* [Task to complete]
In the entries that follow, the first line to write out is the one containing "All American Marathon Start", and the last is the one containing "NuNaturals Gluten-Free Stevia". Reproduce that stretch exactly, with nothing before or after it.

=== Begin Enclosure ===

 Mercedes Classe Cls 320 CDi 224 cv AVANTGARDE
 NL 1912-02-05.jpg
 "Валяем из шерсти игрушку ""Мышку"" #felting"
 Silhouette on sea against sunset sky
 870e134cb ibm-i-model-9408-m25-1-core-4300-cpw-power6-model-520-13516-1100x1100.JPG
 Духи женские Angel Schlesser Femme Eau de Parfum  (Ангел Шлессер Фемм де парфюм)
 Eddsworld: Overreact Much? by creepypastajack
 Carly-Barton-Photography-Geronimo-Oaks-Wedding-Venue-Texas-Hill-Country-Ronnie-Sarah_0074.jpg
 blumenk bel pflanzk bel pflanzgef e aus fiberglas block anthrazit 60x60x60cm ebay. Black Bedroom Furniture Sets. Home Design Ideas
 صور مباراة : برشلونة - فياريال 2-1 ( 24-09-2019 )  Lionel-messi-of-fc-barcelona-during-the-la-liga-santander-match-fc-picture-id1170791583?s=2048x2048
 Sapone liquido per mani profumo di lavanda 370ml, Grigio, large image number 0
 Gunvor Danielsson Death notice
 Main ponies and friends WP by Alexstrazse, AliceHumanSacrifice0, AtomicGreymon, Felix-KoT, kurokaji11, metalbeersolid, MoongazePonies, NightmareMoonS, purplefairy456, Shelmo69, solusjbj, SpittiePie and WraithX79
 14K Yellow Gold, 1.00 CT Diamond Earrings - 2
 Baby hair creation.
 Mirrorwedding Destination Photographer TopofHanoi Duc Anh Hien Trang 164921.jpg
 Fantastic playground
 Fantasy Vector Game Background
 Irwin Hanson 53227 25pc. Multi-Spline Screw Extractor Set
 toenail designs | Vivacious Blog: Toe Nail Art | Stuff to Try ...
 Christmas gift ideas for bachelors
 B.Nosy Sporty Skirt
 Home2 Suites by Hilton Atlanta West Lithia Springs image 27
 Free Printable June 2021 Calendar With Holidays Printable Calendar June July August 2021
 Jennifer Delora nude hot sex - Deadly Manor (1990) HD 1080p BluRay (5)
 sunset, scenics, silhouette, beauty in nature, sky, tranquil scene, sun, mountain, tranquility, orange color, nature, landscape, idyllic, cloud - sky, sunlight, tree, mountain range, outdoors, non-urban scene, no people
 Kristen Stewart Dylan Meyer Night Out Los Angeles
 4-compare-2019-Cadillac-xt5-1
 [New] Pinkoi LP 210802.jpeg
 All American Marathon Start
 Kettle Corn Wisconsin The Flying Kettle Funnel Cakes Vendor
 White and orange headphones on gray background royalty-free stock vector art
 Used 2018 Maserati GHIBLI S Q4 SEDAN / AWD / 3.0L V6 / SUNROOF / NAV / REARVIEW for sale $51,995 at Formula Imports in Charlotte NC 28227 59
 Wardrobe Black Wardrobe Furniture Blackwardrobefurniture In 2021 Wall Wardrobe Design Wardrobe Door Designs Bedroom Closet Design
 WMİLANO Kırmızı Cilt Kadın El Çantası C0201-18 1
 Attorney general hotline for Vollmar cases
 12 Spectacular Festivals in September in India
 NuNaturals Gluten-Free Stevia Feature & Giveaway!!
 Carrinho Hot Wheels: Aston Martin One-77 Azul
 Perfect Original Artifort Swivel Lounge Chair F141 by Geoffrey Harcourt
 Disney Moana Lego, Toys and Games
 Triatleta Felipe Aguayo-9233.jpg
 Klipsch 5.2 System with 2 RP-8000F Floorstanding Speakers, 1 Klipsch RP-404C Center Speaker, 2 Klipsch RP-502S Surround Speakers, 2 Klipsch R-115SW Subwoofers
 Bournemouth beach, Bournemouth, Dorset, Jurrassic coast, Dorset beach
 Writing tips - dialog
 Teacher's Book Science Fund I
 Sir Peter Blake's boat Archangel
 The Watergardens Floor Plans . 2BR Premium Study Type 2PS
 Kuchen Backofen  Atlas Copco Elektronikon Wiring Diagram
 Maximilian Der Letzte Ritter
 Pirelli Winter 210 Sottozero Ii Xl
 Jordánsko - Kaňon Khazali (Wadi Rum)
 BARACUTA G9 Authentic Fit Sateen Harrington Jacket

=== End Enclosure ===

* [Exercise response]
 All American Marathon Start
 Kettle Corn Wisconsin The Flying Kettle Funnel Cakes Vendor
 White and orange headphones on gray background royalty-free stock vector art
 Used 2018 Maserati GHIBLI S Q4 SEDAN / AWD / 3.0L V6 / SUNROOF / NAV / REARVIEW for sale $51,995 at Formula Imports in Charlotte NC 28227 59
 Wardrobe Black Wardrobe Furniture Blackwardrobefurniture In 2021 Wall Wardrobe Design Wardrobe Door Designs Bedroom Closet Design
 WMİLANO Kırmızı Cilt Kadın El Çantası C0201-18 1
 Attorney general hotline for Vollmar cases
 12 Spectacular Festivals in September in India
 NuNaturals Gluten-Free Stevia Feature & Giveaway!!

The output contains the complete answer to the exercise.